Under the authority of the Motor Carrier Safety Act of 1980 (49 U.S.C. § 13906), the Secretary of Transportation promulgated regulations requiring that an MCS-90 Endorsement be attached to any liability policy issued to a certified interstate carrier (49 C.F.R. § 387.1). Perry v. Harco National Insurance Co., 129 F.3d 1072, 1074 (9th Cir.1997). By its very terms, the purpose of the MCS-90 Endorsement is “to assure compliance by the insured, * * *, as a motor carrier of property, with Sections 29 and 30 of the Motor Carrier Act of 1980 and the rules and regulations of the Federal Highway Administration (FHWA) and the Interstate Commerce Commission (ICC).” Because Form MCS-90 is a federally-mandated endorsement whose terms are specified by federal regulation, federal law governs its operation and effect. John Deere Insurance Company v. Nueva, 229 F.3d 853, 856 (9th Cir.2000).

The MCS-90 Endorsement excludes from coverage “the insured’s employees while engaged in the course of their employment.” In Perry v. Harco National Insurance Company, 129 F.3d 1072 (9th Cir.1997), the court addressed the meaning of the term “employee” as used in an MCS-90 Endorsement. The Perry Court noted that the term is defined in 49 C.F.R. § 390.5 as “a driver of a commercial motor vehicle (including an independent contractor while in the course of operating a commercial motor vehicle)” and concluded that it is that definition of an “employee” that is to be applied when interpreting an MCS-90 Endorsement. Perry, 129 F.3d at 1074-75; see also Consumers County Mutual Insurance Co. v. P.W. & Sons Trucking, Inc., 307 F.3d 362 (5th Cir.2002). Boyd argues, however, that adopting this definition of the term “employee” when interpreting the coverage afforded by an MCS-90 Endorsement would be “in direct conflict with the express purpose of the statute [Motor Carrier Act of 1980] and the express language of the statute’s liability insurance requirements.” This very argument, however, was rejected by the court in Consumers County Mutual Insurance Co., 307 F.3d at 366, which held that:

“The purpose of this insurance requirement is to ensure that a financially responsible party will be available to compensate members of the public injured in a collision with a commercial motor vehicle. Although the Motor Carrier Safety Act places an affirmative obligation on motor carriers with respect to the public, it does not require motor carriers to obtain coverage for ‘injury or death of [their] employees while engaged in the course of their employment.’ 49 C.F.R. § 387.15.”

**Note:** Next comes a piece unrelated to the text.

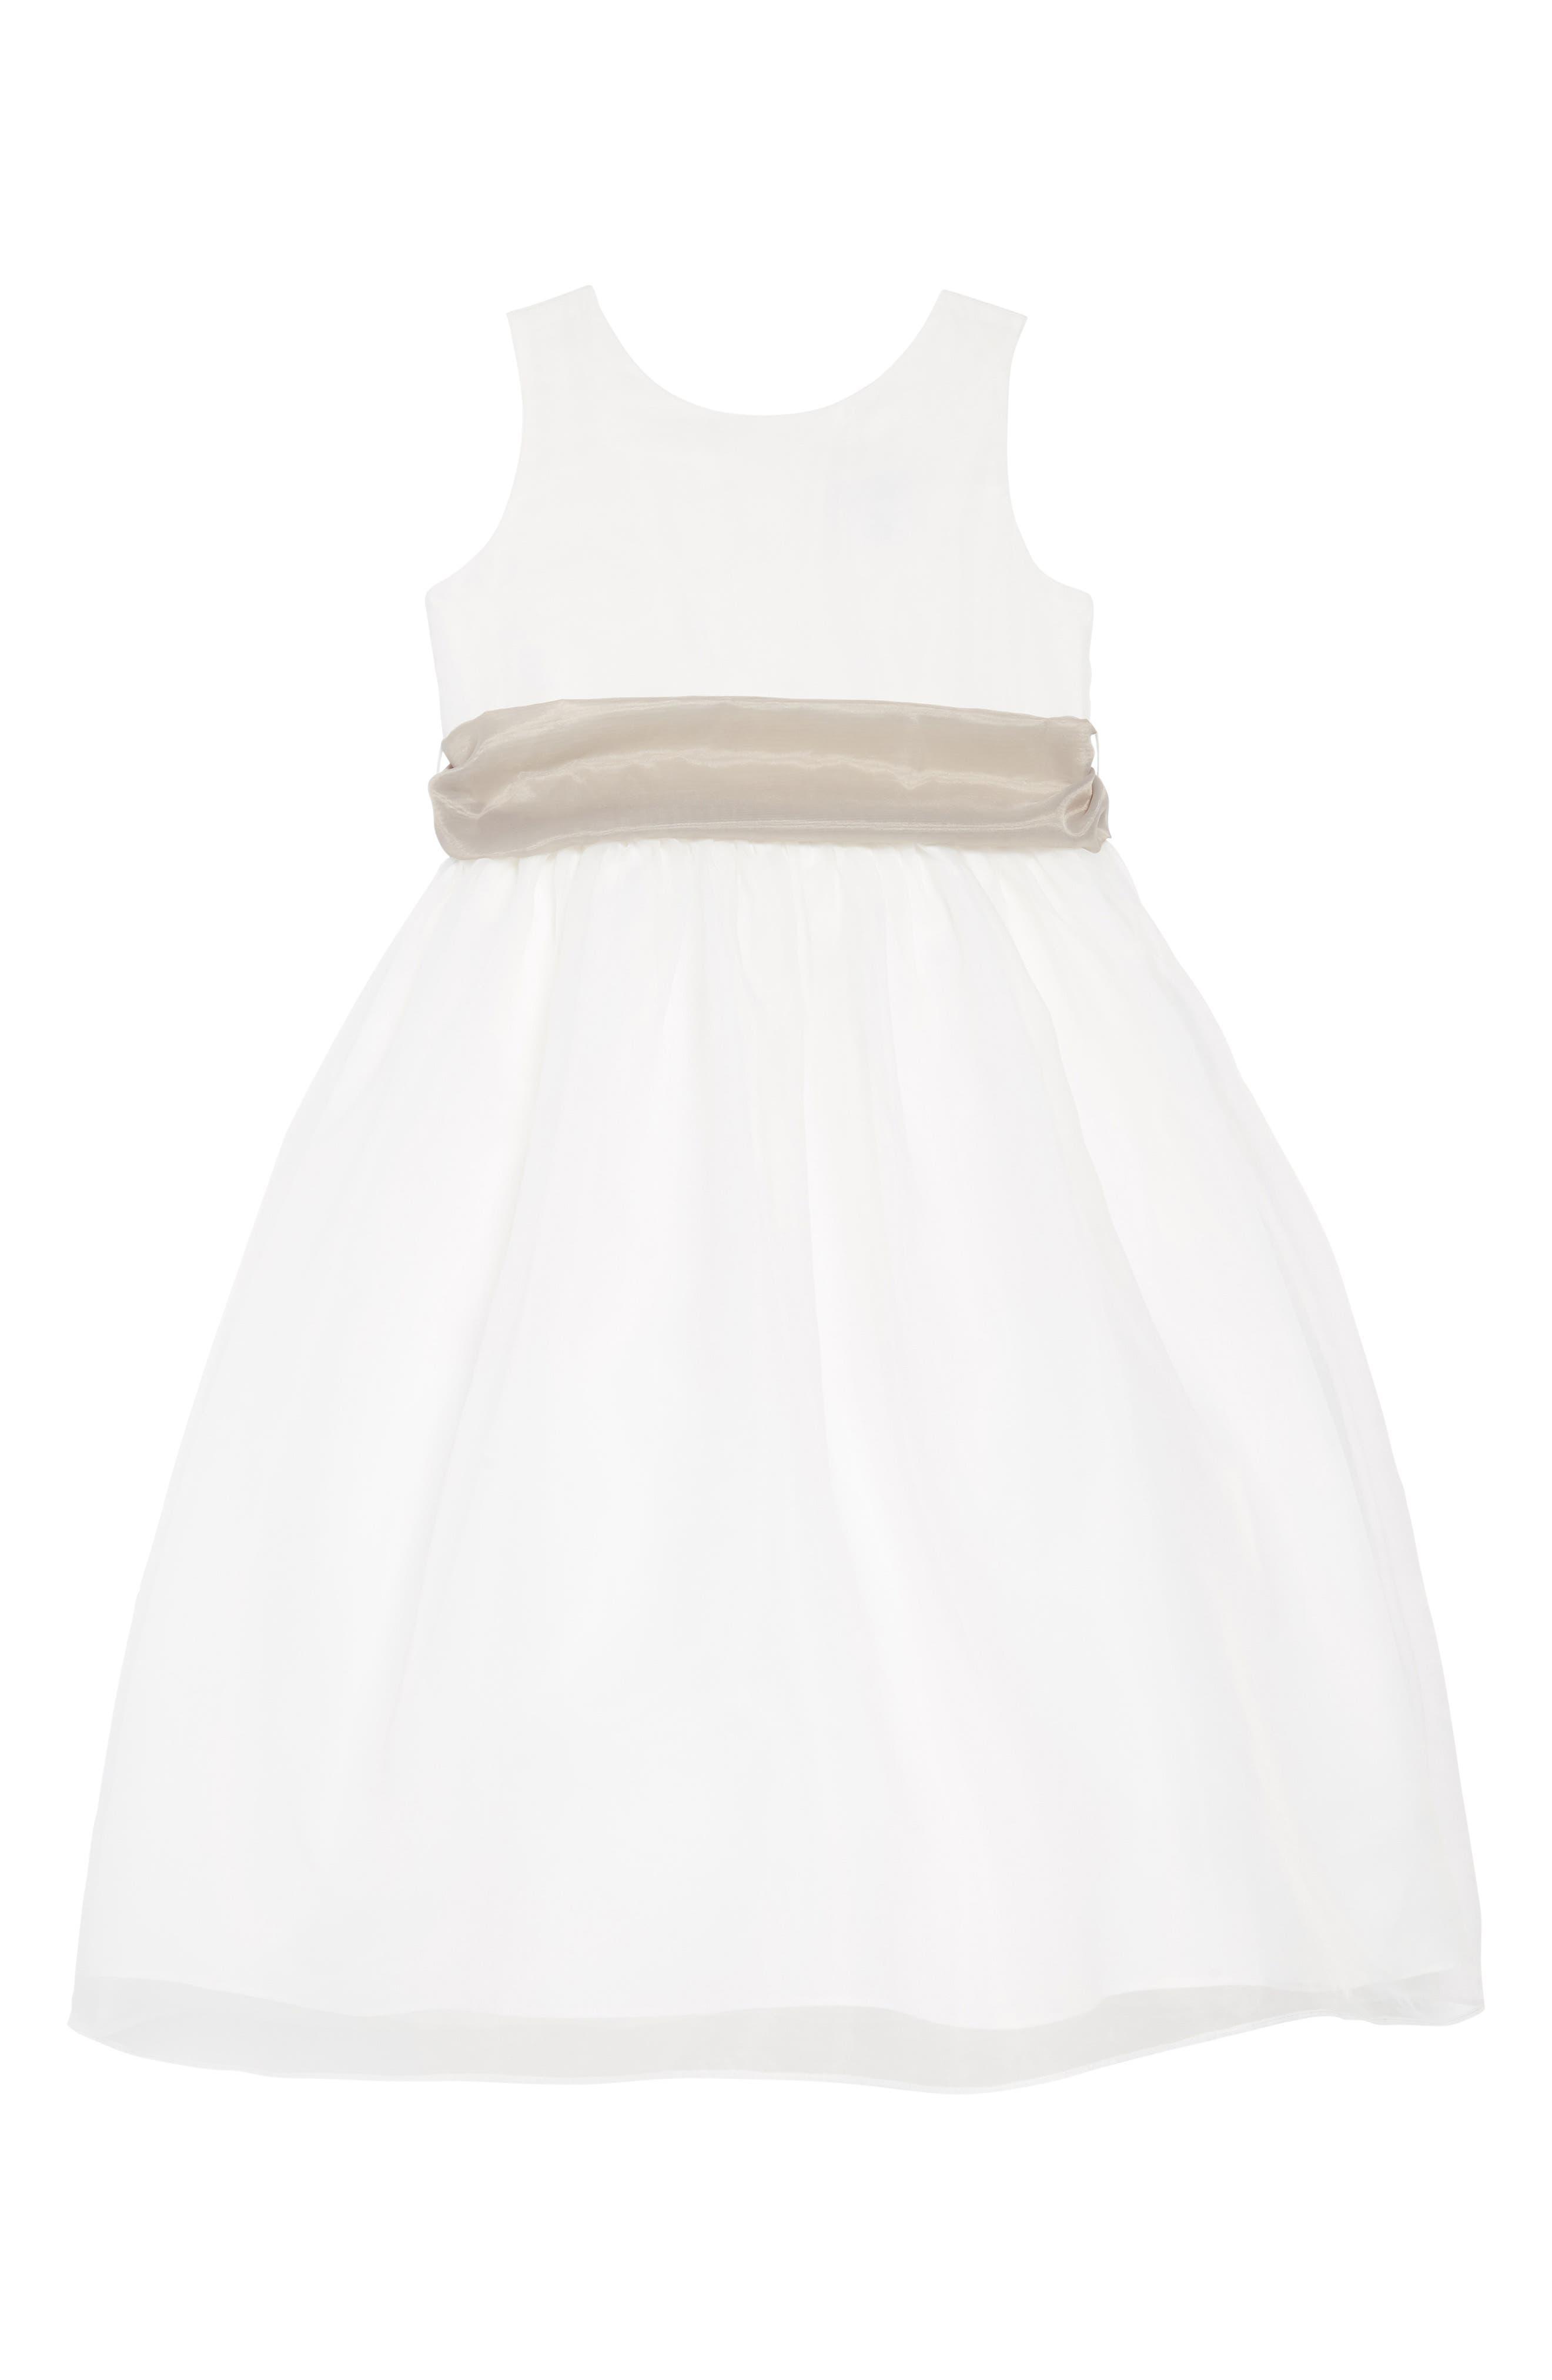 Sleeveless Organza Dress,                             Main thumbnail 1, color,                             Ivory/ pewter

At the time of the occurrence alleged in his complaint in the underlying action, Boyd was hauling a load of refrigerated freight in furtherance of a contract he had entered into with A & R. He was driving a tractor which he had leased from O’Neal and was pulling a trailer which was the property of A & R. Boyd asserts that he was acting as an independent contractor. However, the definition of an employee as set forth in 49 C.F.R. § 390.5 includes independent contractors. Because Boyd was a statutory employee of A & R at the time of the occurrence alleged in the underlying action, the coverage afforded to A & R by reason of the Form MCS-90 Endorsement attached to the Policy “does not apply.”

Boyd also contends that a finding that he was an employee of A & R in the context of this declaratory judgment action is inappropriate as it will be binding upon him in the underlying action. See American Family Mutual Insurance Co. v. Savickas, 193 Ill.2d 378, 387, 250 Ill.Dec. 682, 739 N.E.2d 445 (2000); Murphy v. Urso, 88 Ill.2d 444, 455-57, 58 Ill.Dec. 828, 430 N.E.2d 1079 (1981). Canal argues, and we agree, that a finding in this regard is applicable only to a determination of coverage under the MCS-90 Endorsement and for no other purpose. See Perry, 129 F.3d at 1075.

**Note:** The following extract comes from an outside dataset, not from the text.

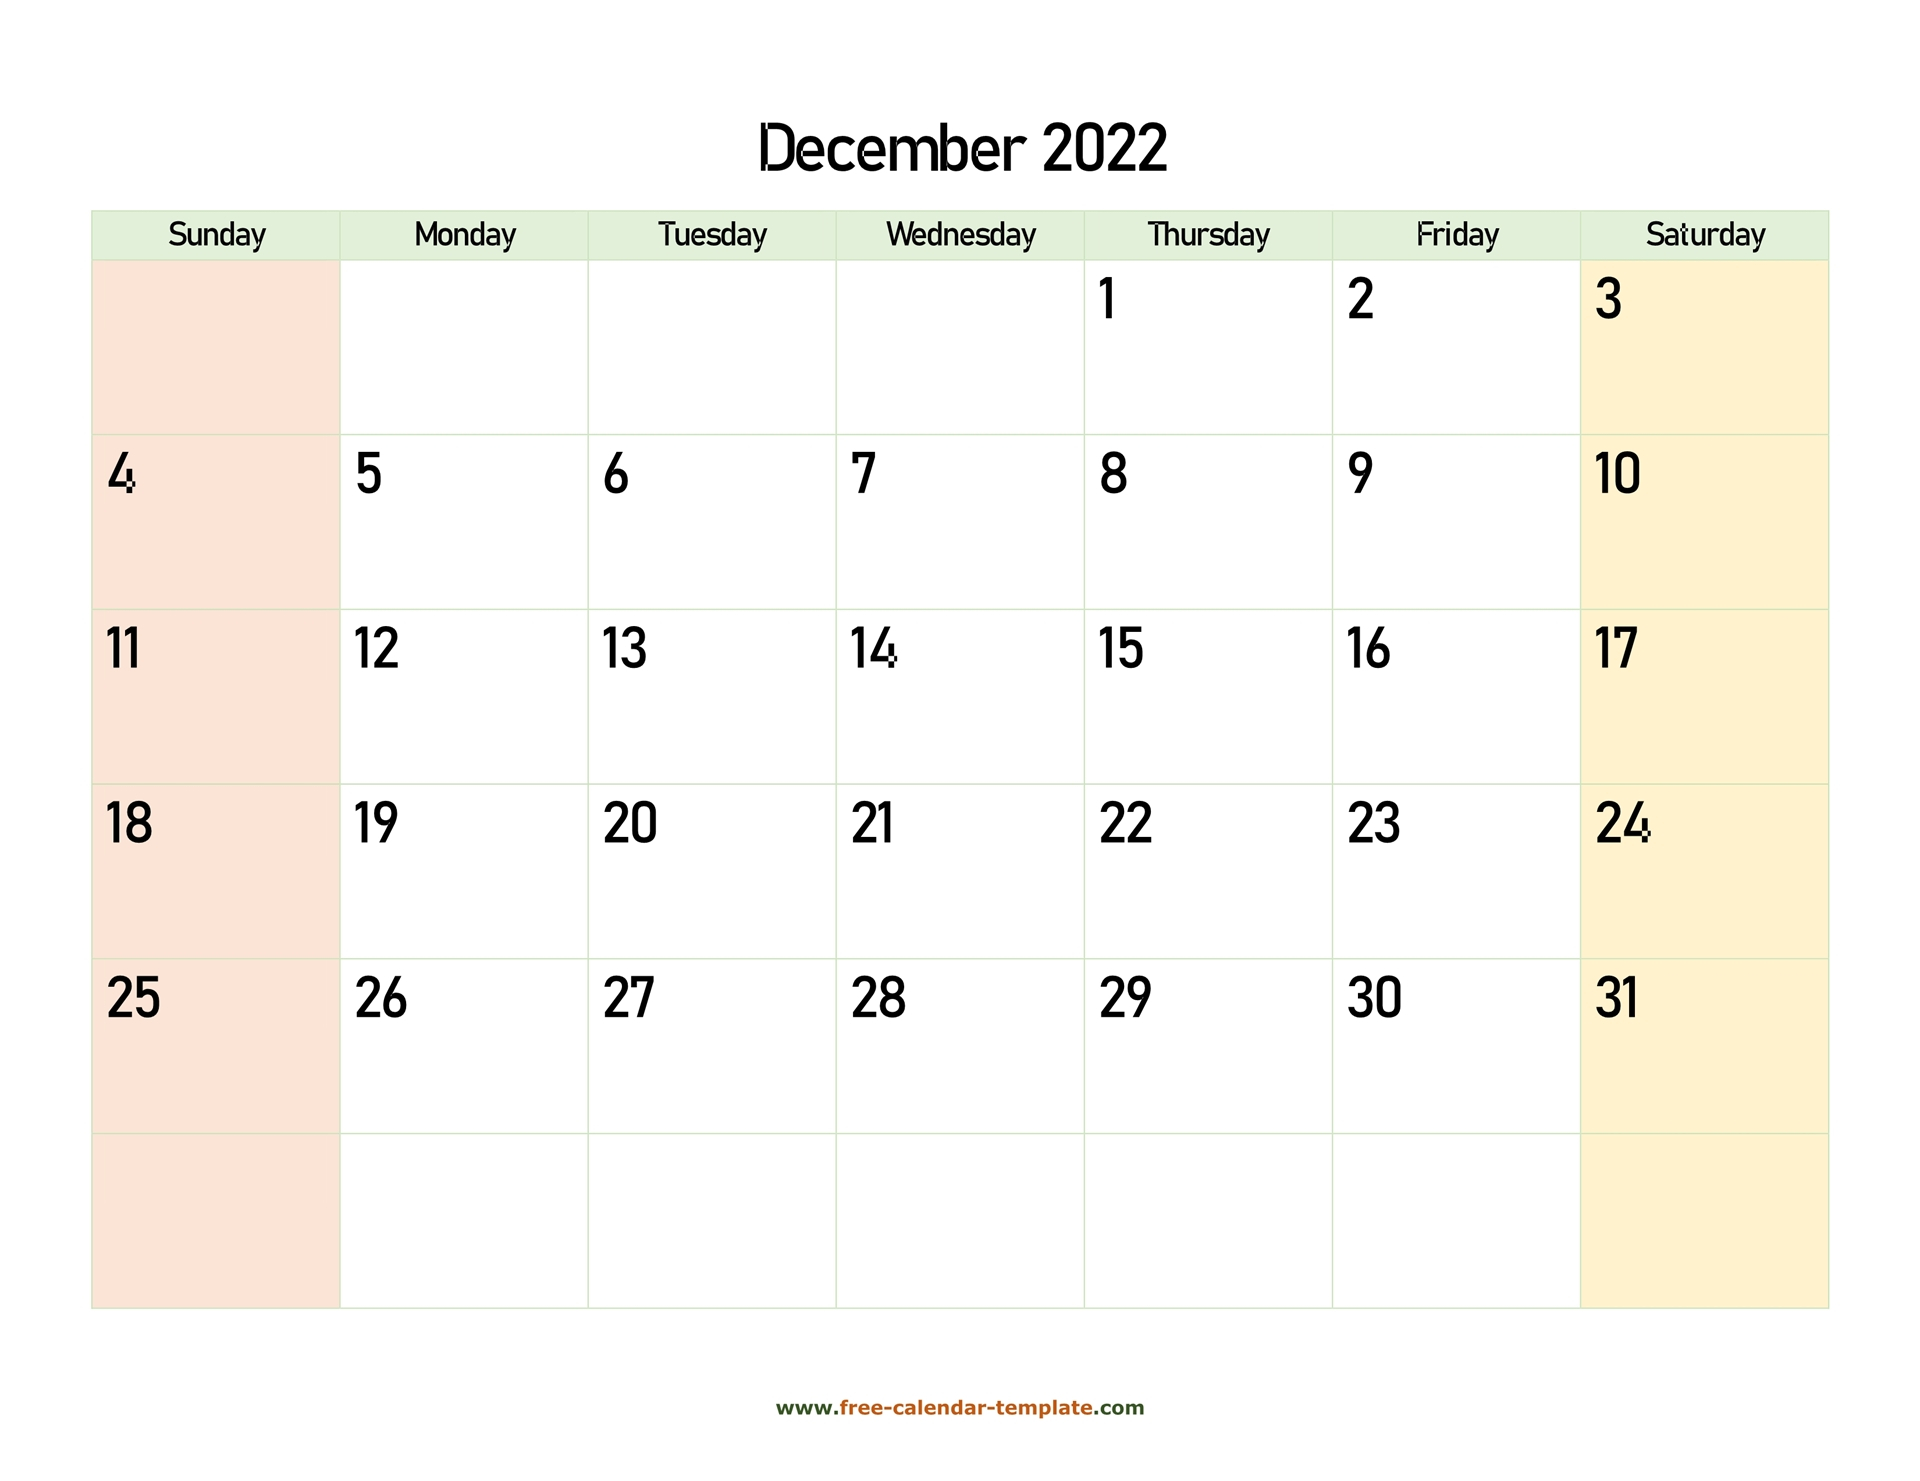 December 2022 Free Calendar Tempplate   Free Calendar Regarding December January Calendars 2022 2022

Finally, Boyd argues that “Illinois public policy requires that Canal insure A & R” for the occurrence alleged in the underlying action. He asserts that “[t]he Illinois Commercial Transportation Law requires that all motor carriers maintain insurance coverage and that ‘all motor vehicles operated by or under authority of the carrier will be covered, whether or not such vehicles have been reported to the insurance, surety, or other company.’ “

Section 18c-4901 of the Illinois Commercial Transportation Law (Transportation Act) (625 ILCS 5/18c-4901 (West 2002)) provides that “[n]o motor carrier of property shall operate within this State unless it has on file with the [Illinois Commerce] Commission or its agent proof of continuous insurance or surety coverage in accordance with Commission regulations.” Section 18c-4903 states that “[e]ach certificate or other proof of insurance or surety coverage shall have, as an implied term, that * * * all motor vehicles operated by or under authority of the carrier will be covered, whether or not such vehicles have been reported to the insurance, surety, or other company.” 625 ILCS 5/18c-4903 (West 2002). However, these provisions of the Transportation Act upon which Boyd relies are inapplicable to the facts of this case.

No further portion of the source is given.